I didn’t respond to the other parts of your comment simply because I’m not familiar enough with inner workings of Duplicati. I’d love to see a core developer respond!

Thanks for your answers so far. I am now in the process of uploading another 200 gb backup to Sharepoint (Onedrive Business Germany). There are no stalls yet, so maybe that only starts after a few hours of upload. Will check tomorrow when I get up.

What I noticed:

  • There is no message when the Sharepoint path is wrong, D2 just keeps uploading into the nether.

I accidentally forgot to include the “/personal/<mail_adress>” part in front of the “/documents” part and then also forgot to include the last subfolder after “/documents/Duplicati”. Despite this URL not existing, D2 did upload in a constant stream of 3.8 mb/s.

No idea where all that uploaded data went before I noticed, but it’s not to be found on my Sharepoint server.
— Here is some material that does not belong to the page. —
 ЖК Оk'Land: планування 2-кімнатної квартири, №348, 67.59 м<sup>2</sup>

I specifically accessed Sharepoint via PDF XChange Editor’s Sharepoint plugin, which allows to browse the Sharepoint structure above “/documents” (not above /personal/<email_adress> though).
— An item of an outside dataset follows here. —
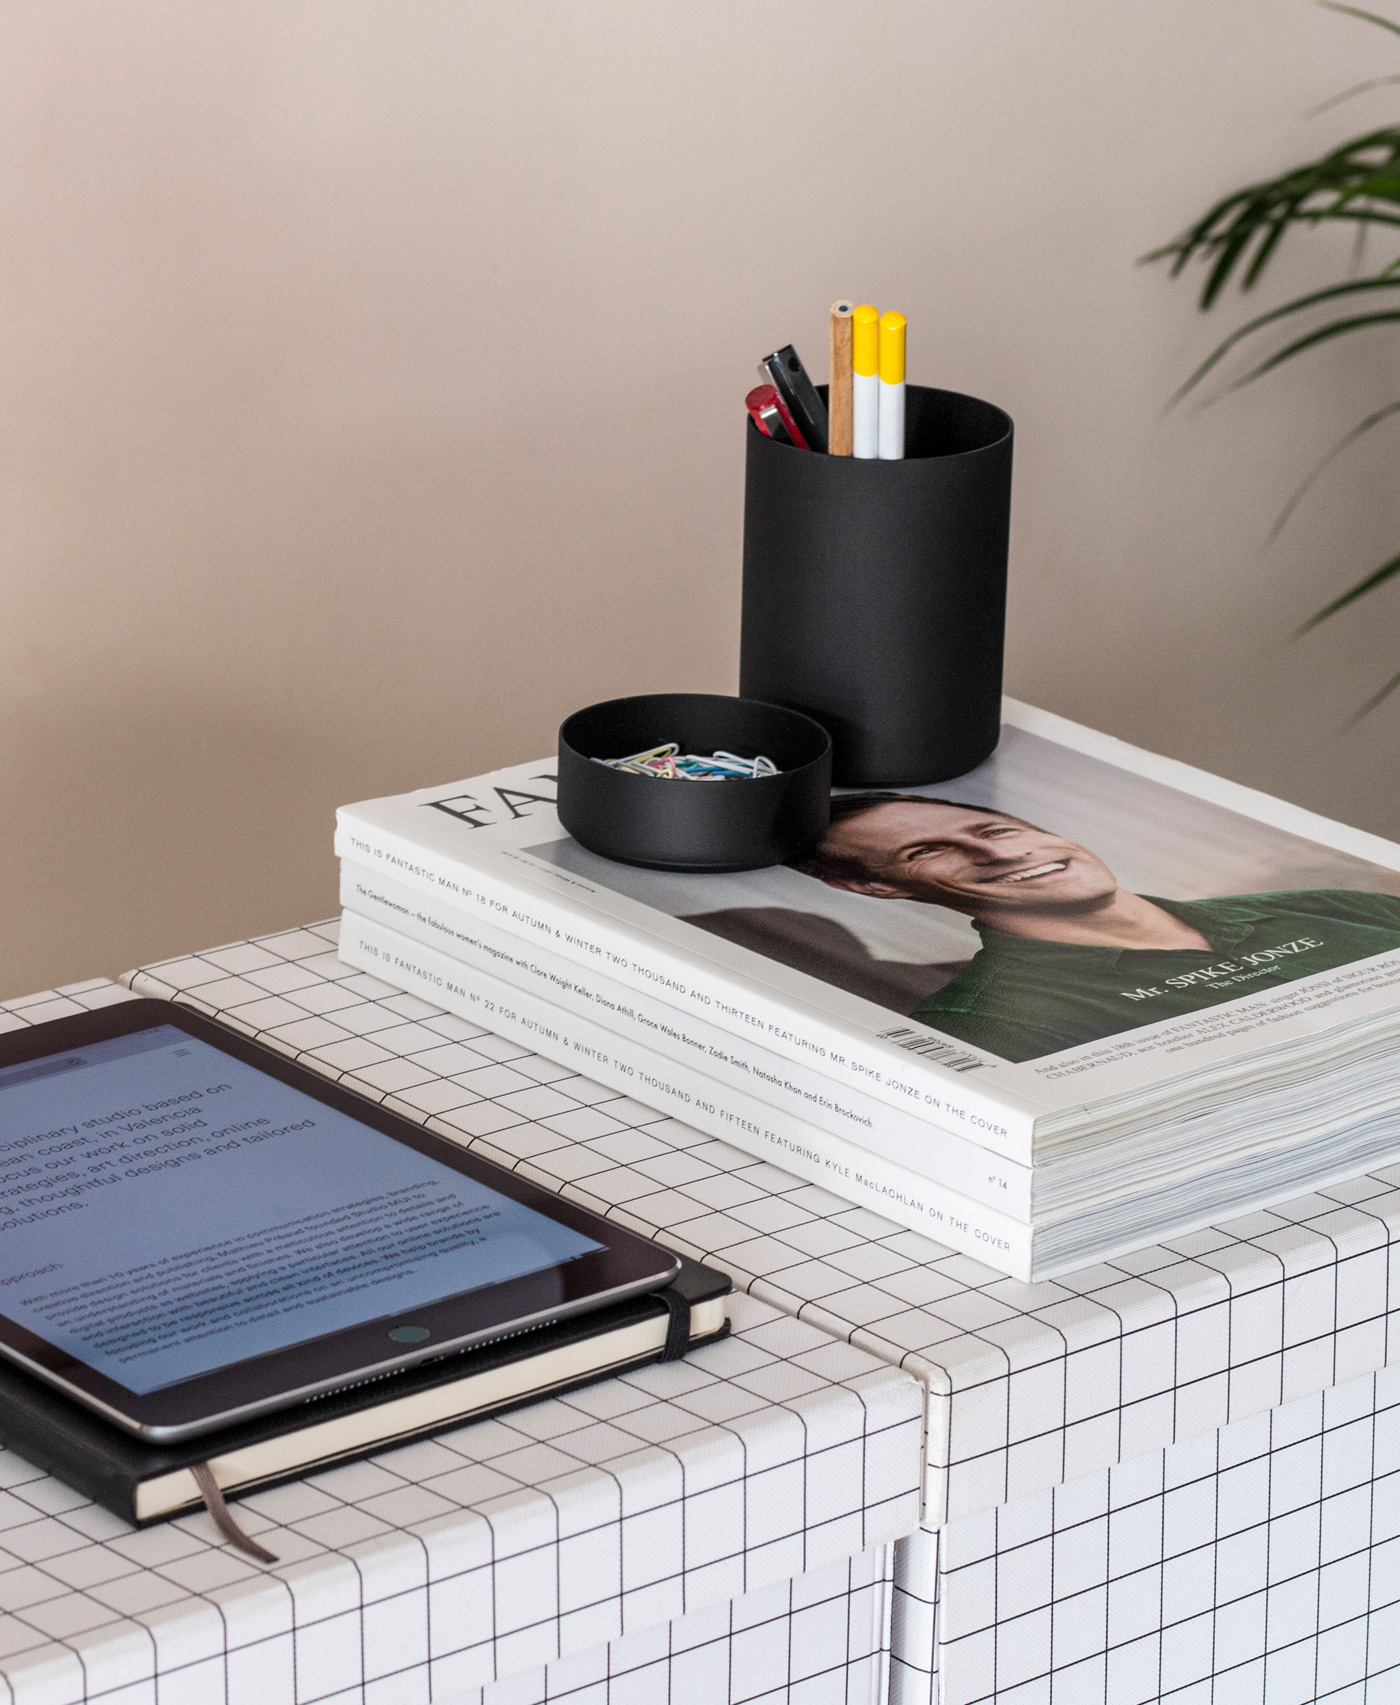 Studio MUI - Branding Strategy, Design & Digital Solutions in Valencia

That’s exactly what I was wondering. I would use the basic Task Manager and just watch the details tab while Duplicati appears to be “stalled”. See what it says for CPU utilization. I don’t think you need to use Process Explorer or mess with CPU affinity at all to test this.

I mean to remember that CPU load in Task-Manager was below 6%, but I am not entirely sure. Let’s see how the Canary behaves, since it’s more recent than the Beta I began testing with.

Yeah, I could see that being a future improvement. I am thinking most people don’t try to delete specific versions, but instead just set a retention policy and be done with it.

I had to manually delete Synology HyperBackup versions in the past when a client put large media files into one sub-directory that was part of the backup. I excluded said sub-directories for ongoing backups, but also needed to get rid of hundred of gb worth of useless data from the already present backup files. This meant to delete versions from within a specific time-span only, while keeping older backup data alive.

Have you had any more success getting Duplicati to run directly on your Synology? It may or may not be more efficient depending on hardware specs of your NAS and other factors.

Still have to try the extra Mono Synology installation again and look into Docker. CPU and I/O load can be a problem for local backups, especially with mechanical platter drives being used in the Synology. But my current main usage/test case is to backup my encrypted personal photo library to Sharepoint, which is bottle-necked to 3.8 mb/s by my upload bandwidth anyway. That should pose no problem for the rather tiny NAS CPU (DS218+) and spinning harddrives.

My backup strategy now is to back up all my systems to my Synology (and the Synology backs up to itself), and then use CloudSync to synchronize ALL of this backup data to Backblaze B2 (to satisfy my off-site requirement). It is working great. My NAS is model 1517+, by the way.

I recall the initial backups were slow, both in Duplicati processing time and also synchronizing to B2. But once I was over that initial hump backups are working very quickly and nicely.

Neither CloudSync nor HyperBackup offer access to my Sharepoint drive. I found a website offering a “basic-to-sharepoint-auth-http-proxy Docker image” that should allow HyperBackup to access Sharepoint via WebDAV.

I will give both D2 and that workaround another try on the DS218+.

For local backups I am using an external USB NTFS drive connected to the NAS. But I want my most important files to be off-site (encrypted).